» **Problem statement**
Could you please transcribe the data exactly, without the pictures?

» **Input data**
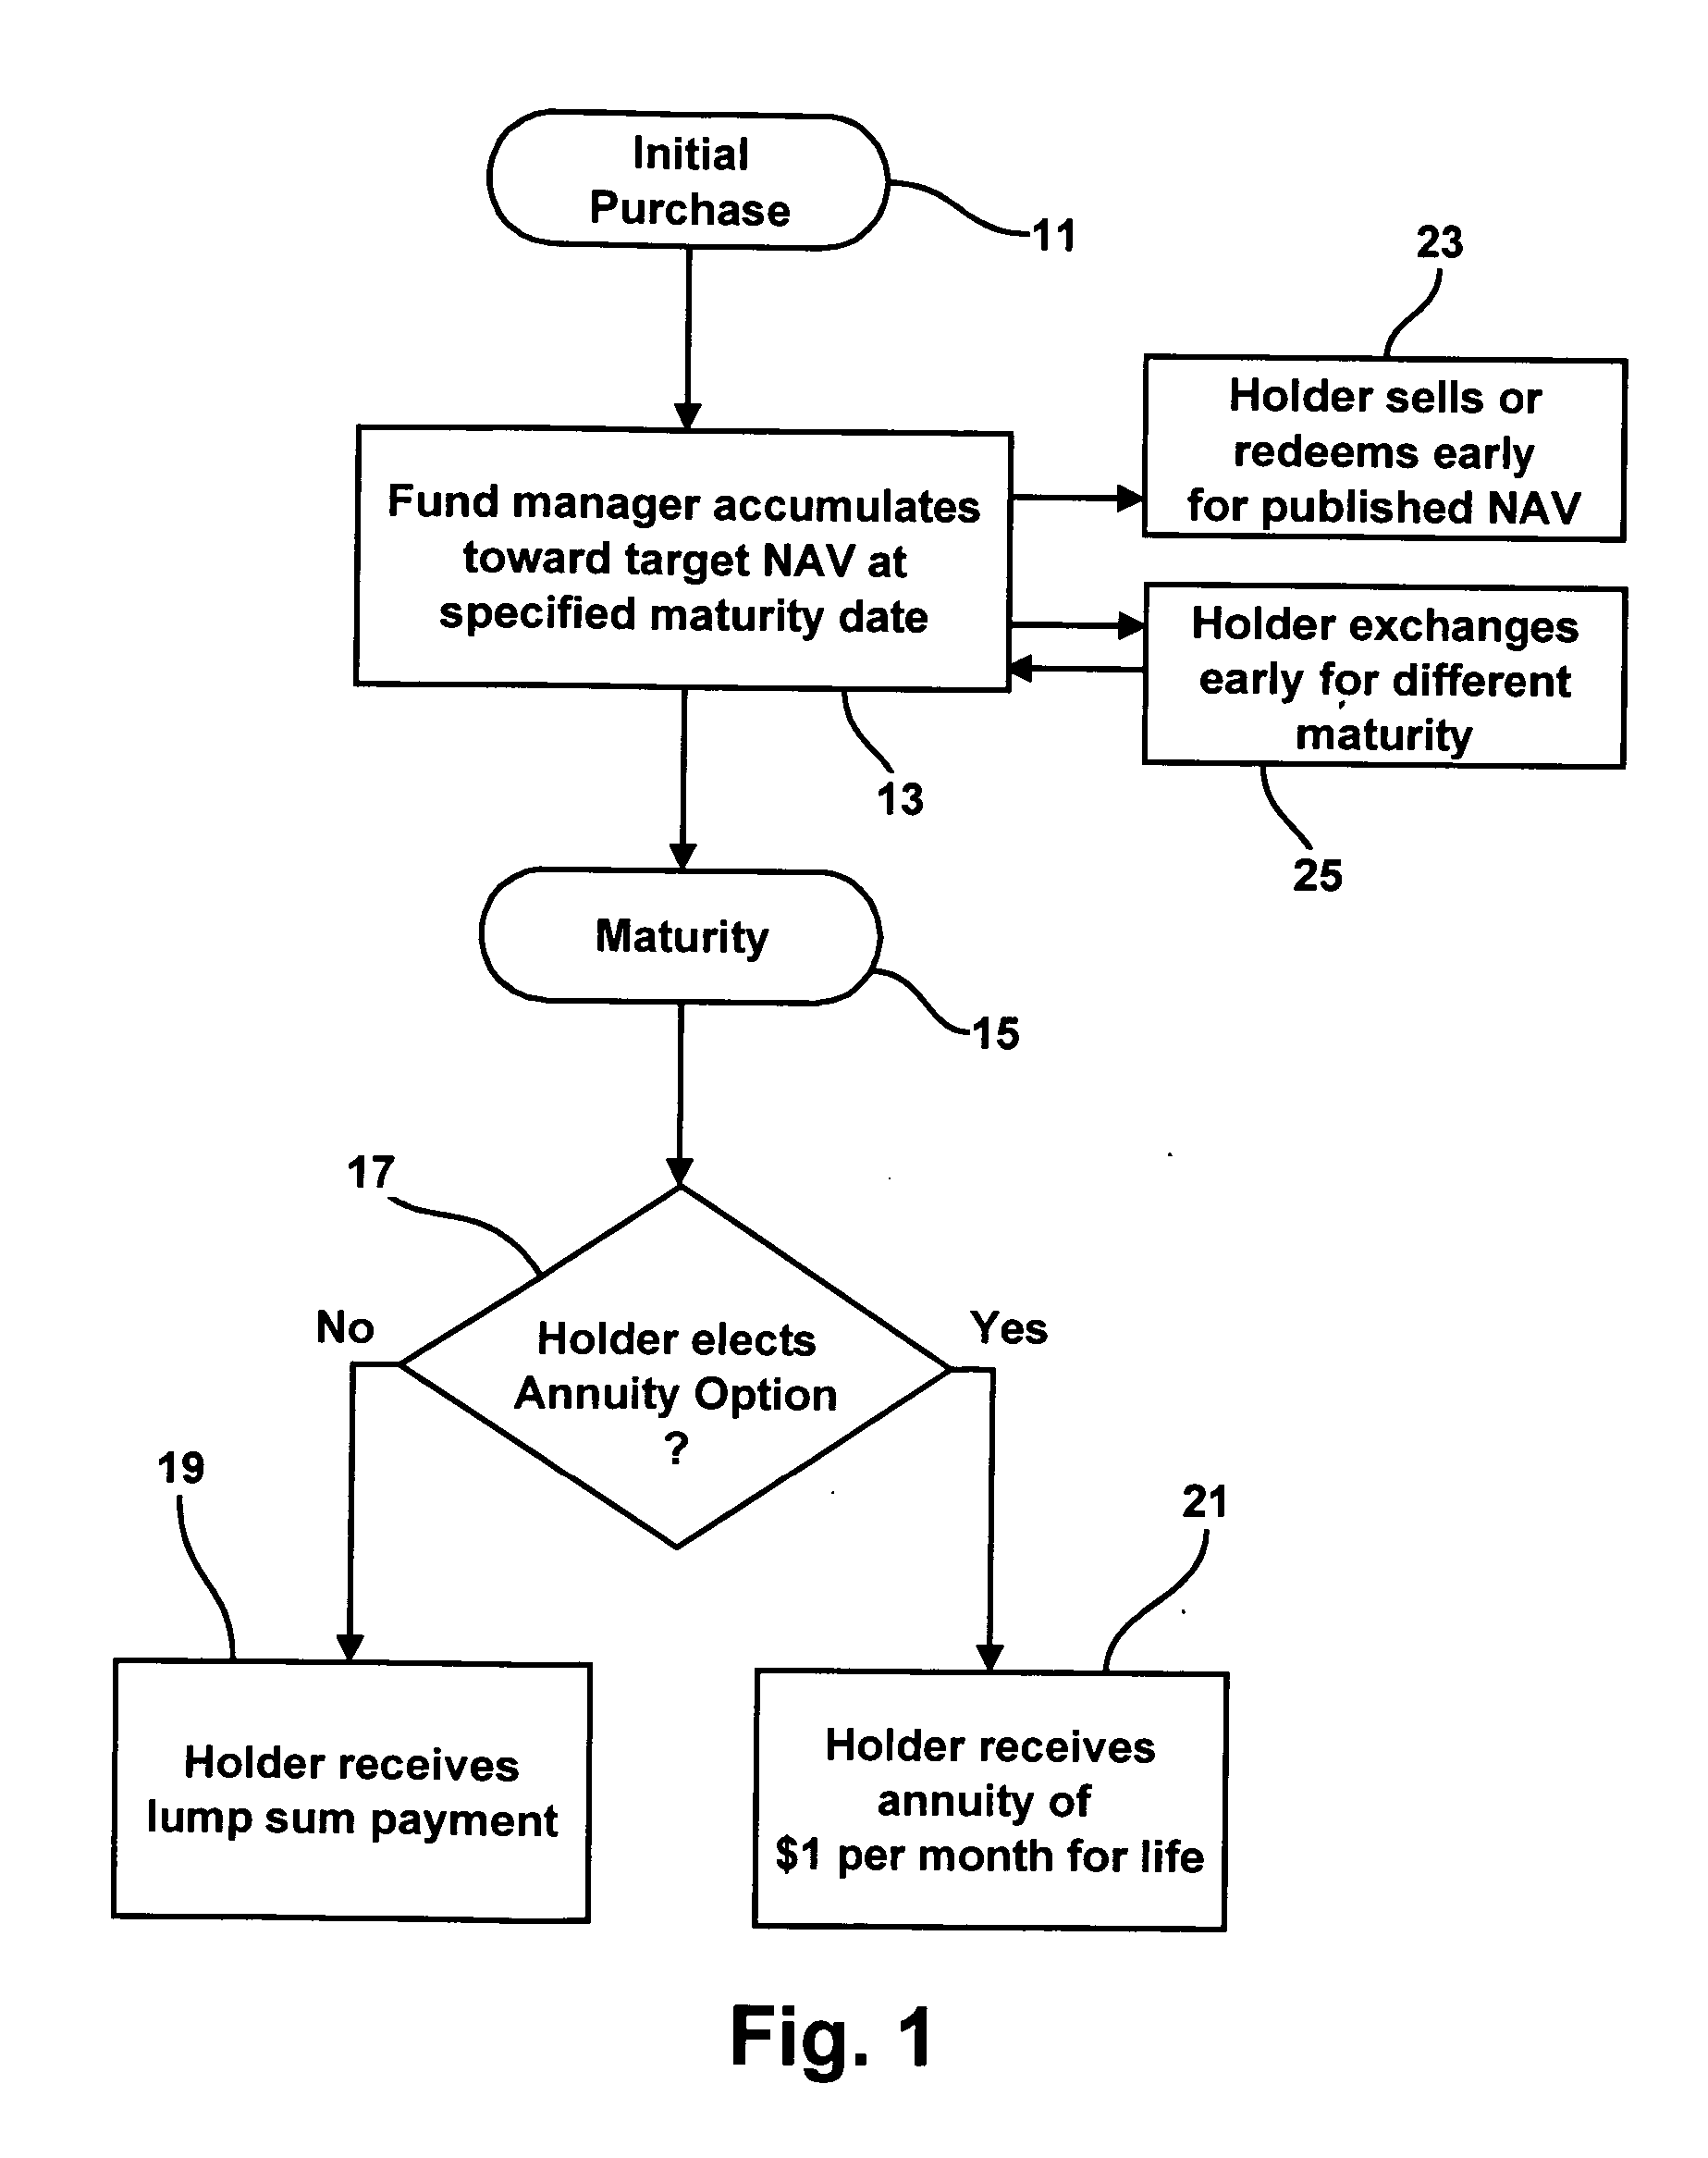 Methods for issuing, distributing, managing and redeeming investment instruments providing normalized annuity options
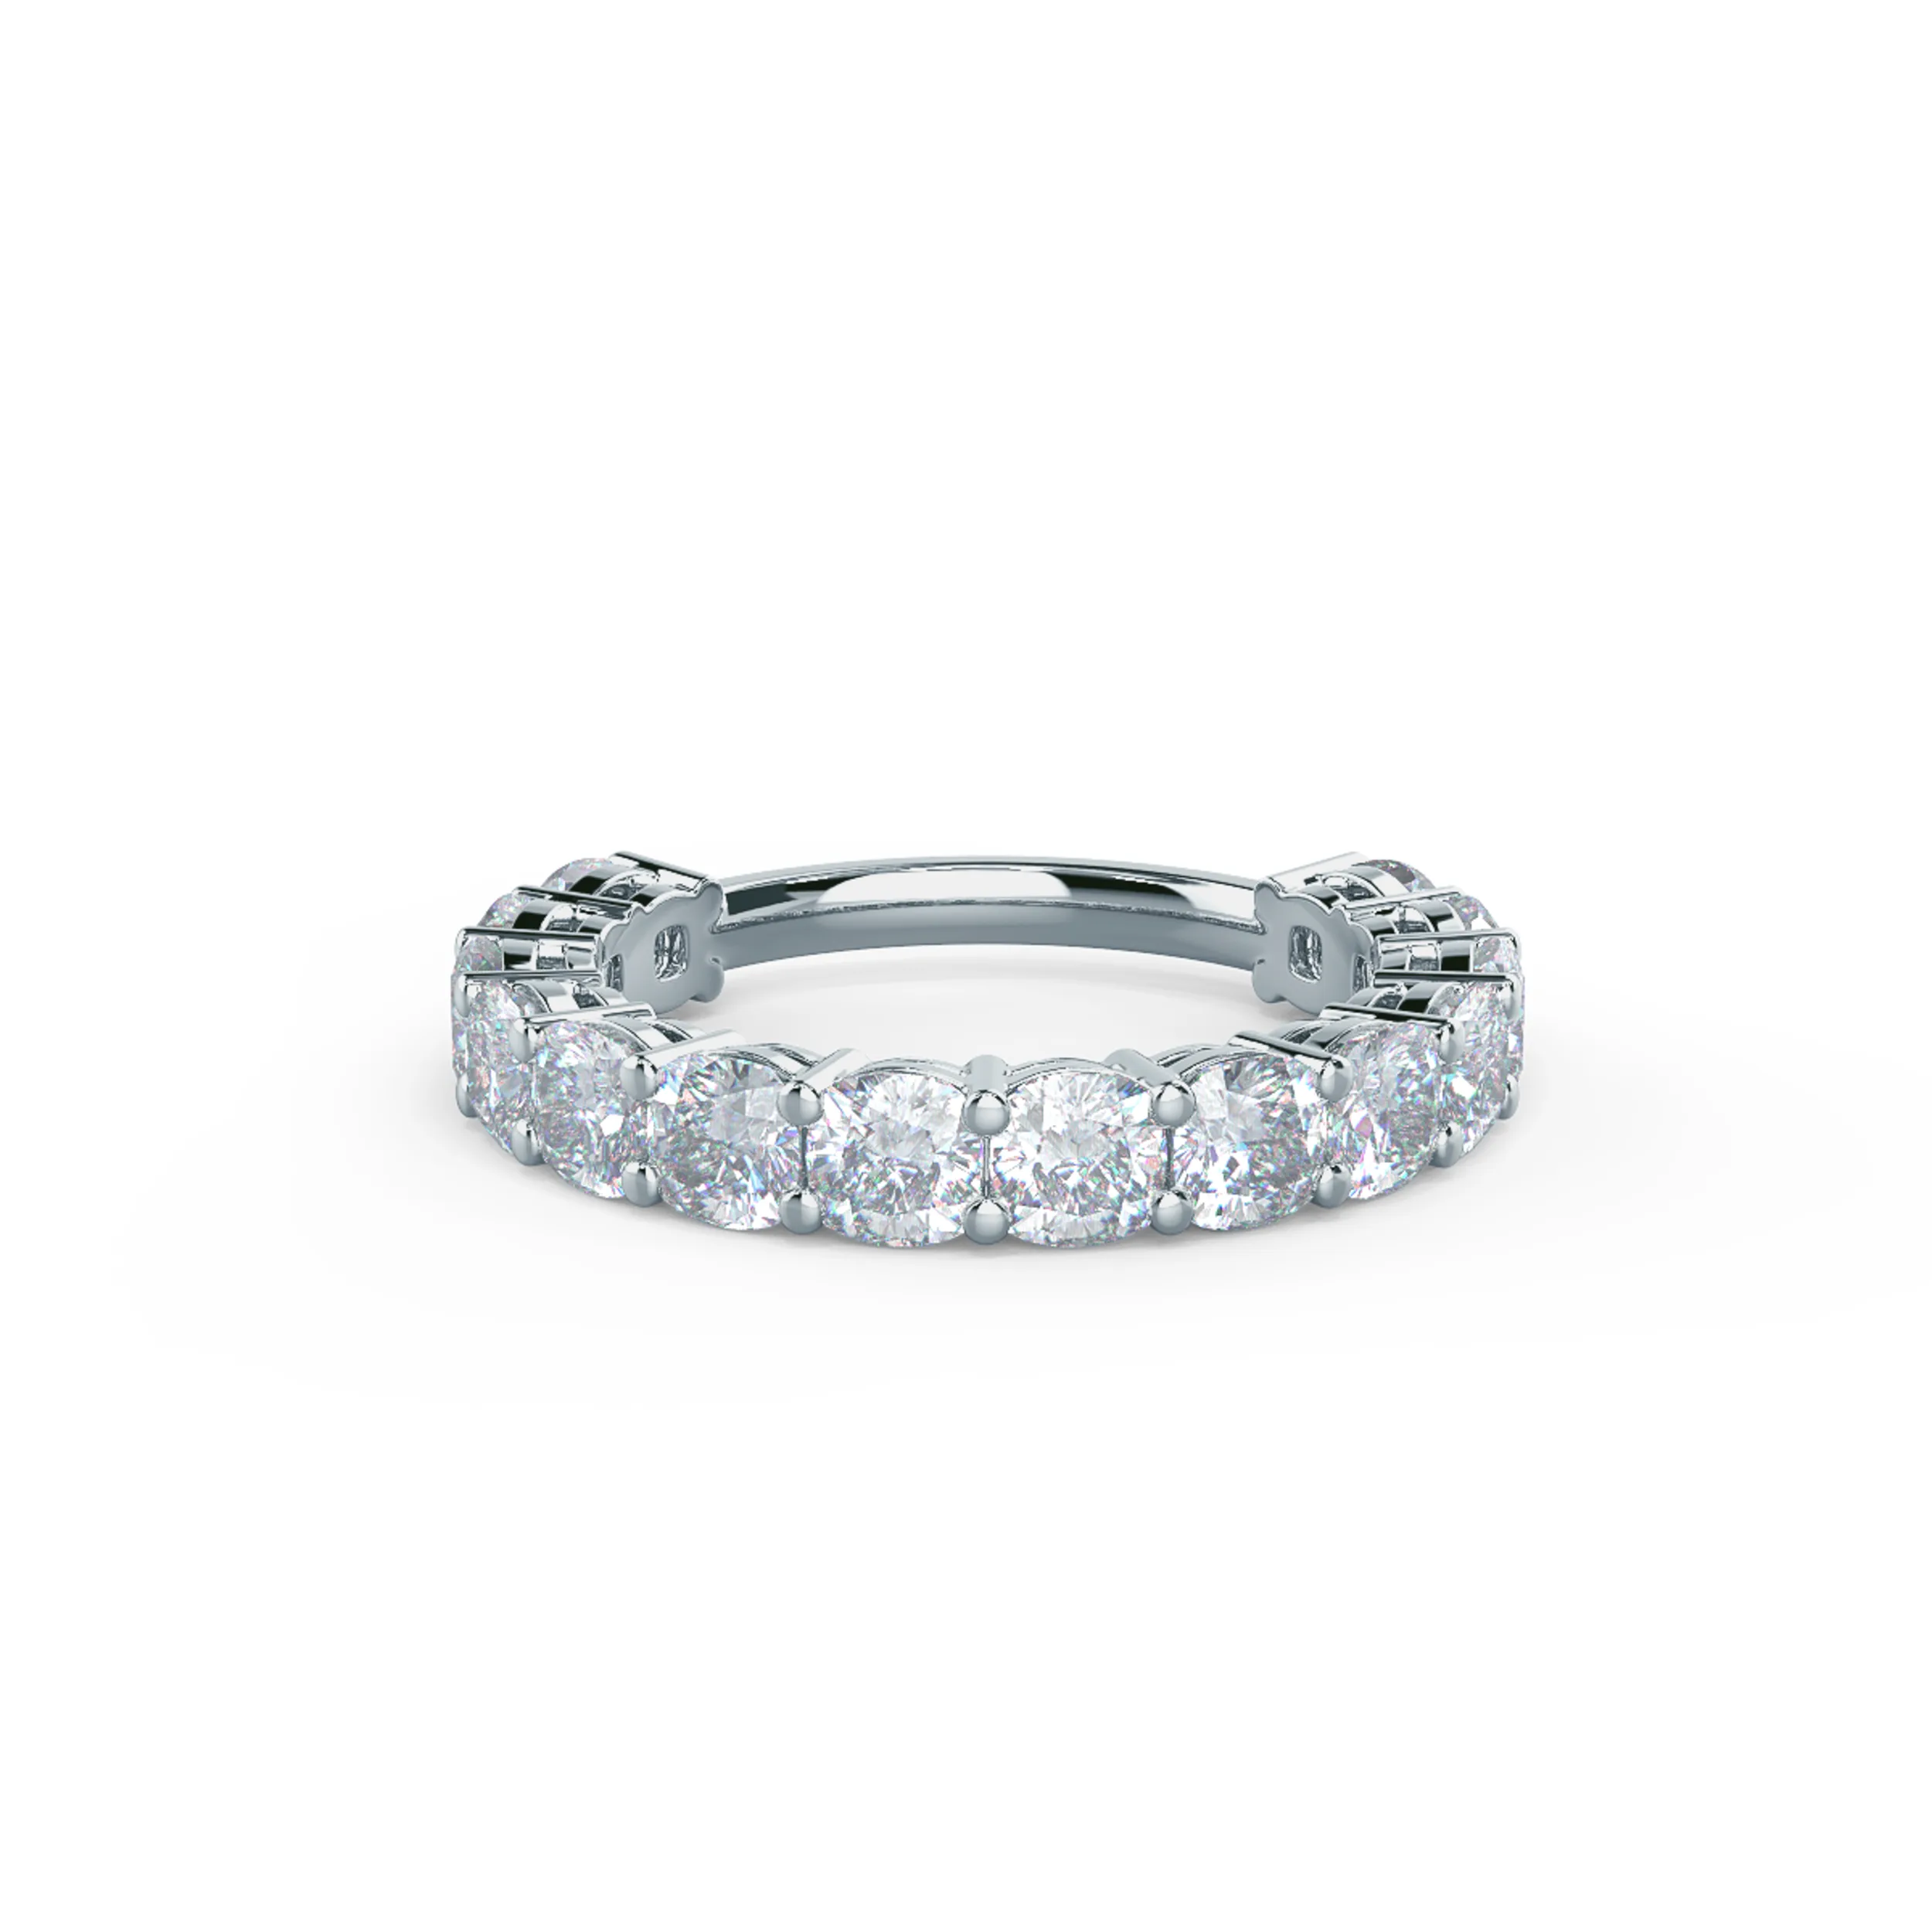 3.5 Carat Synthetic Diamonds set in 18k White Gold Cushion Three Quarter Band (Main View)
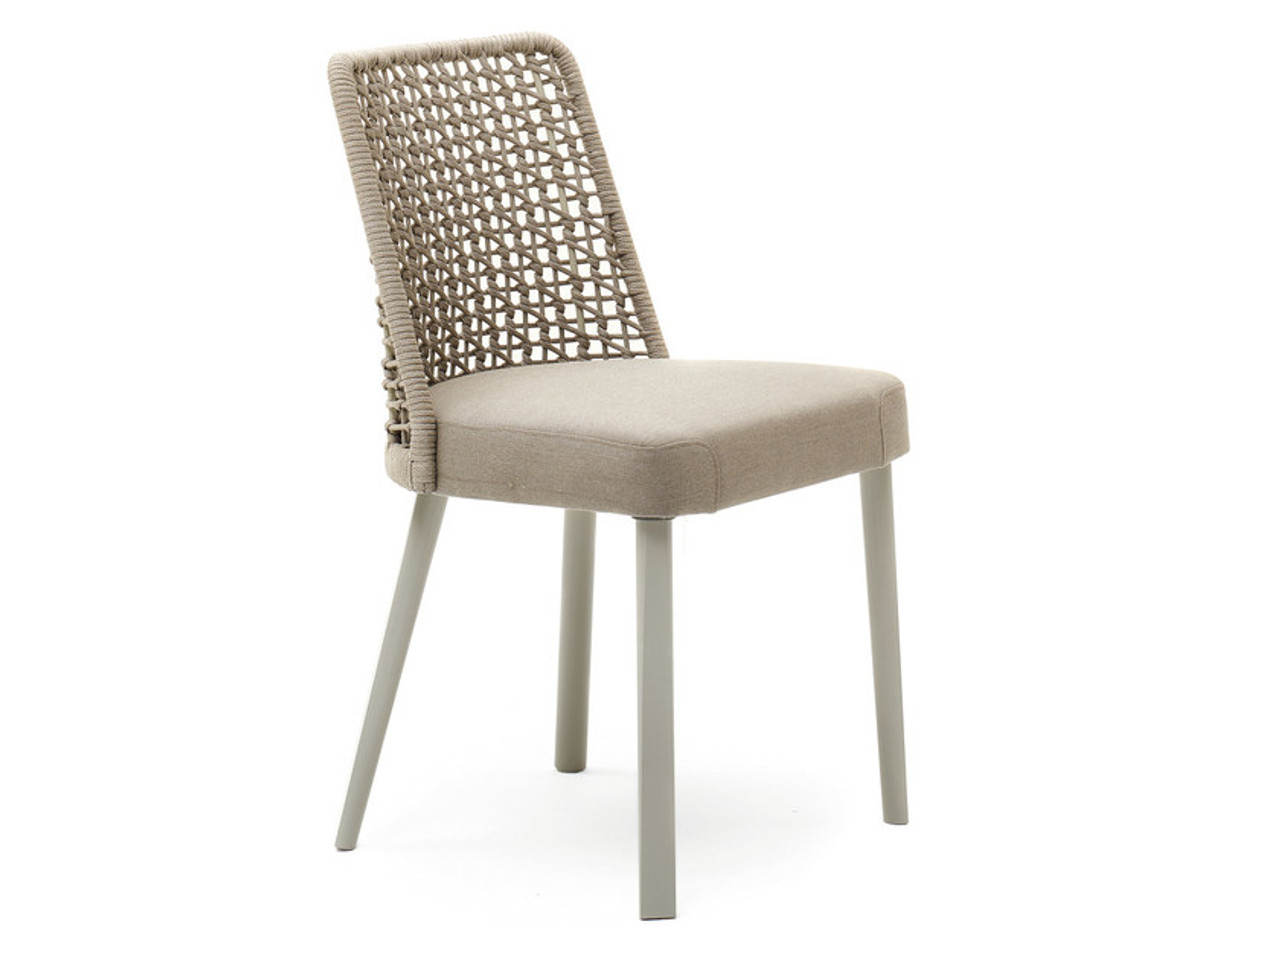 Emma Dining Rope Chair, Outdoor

» **Task result**
 Methods for issuing, distributing, managing and redeeming investment instruments providing normalized annuity options
 3.5 Carat Synthetic Diamonds set in 18k White Gold Cushion Three Quarter Band (Main View)
 Emma Dining Rope Chair, Outdoor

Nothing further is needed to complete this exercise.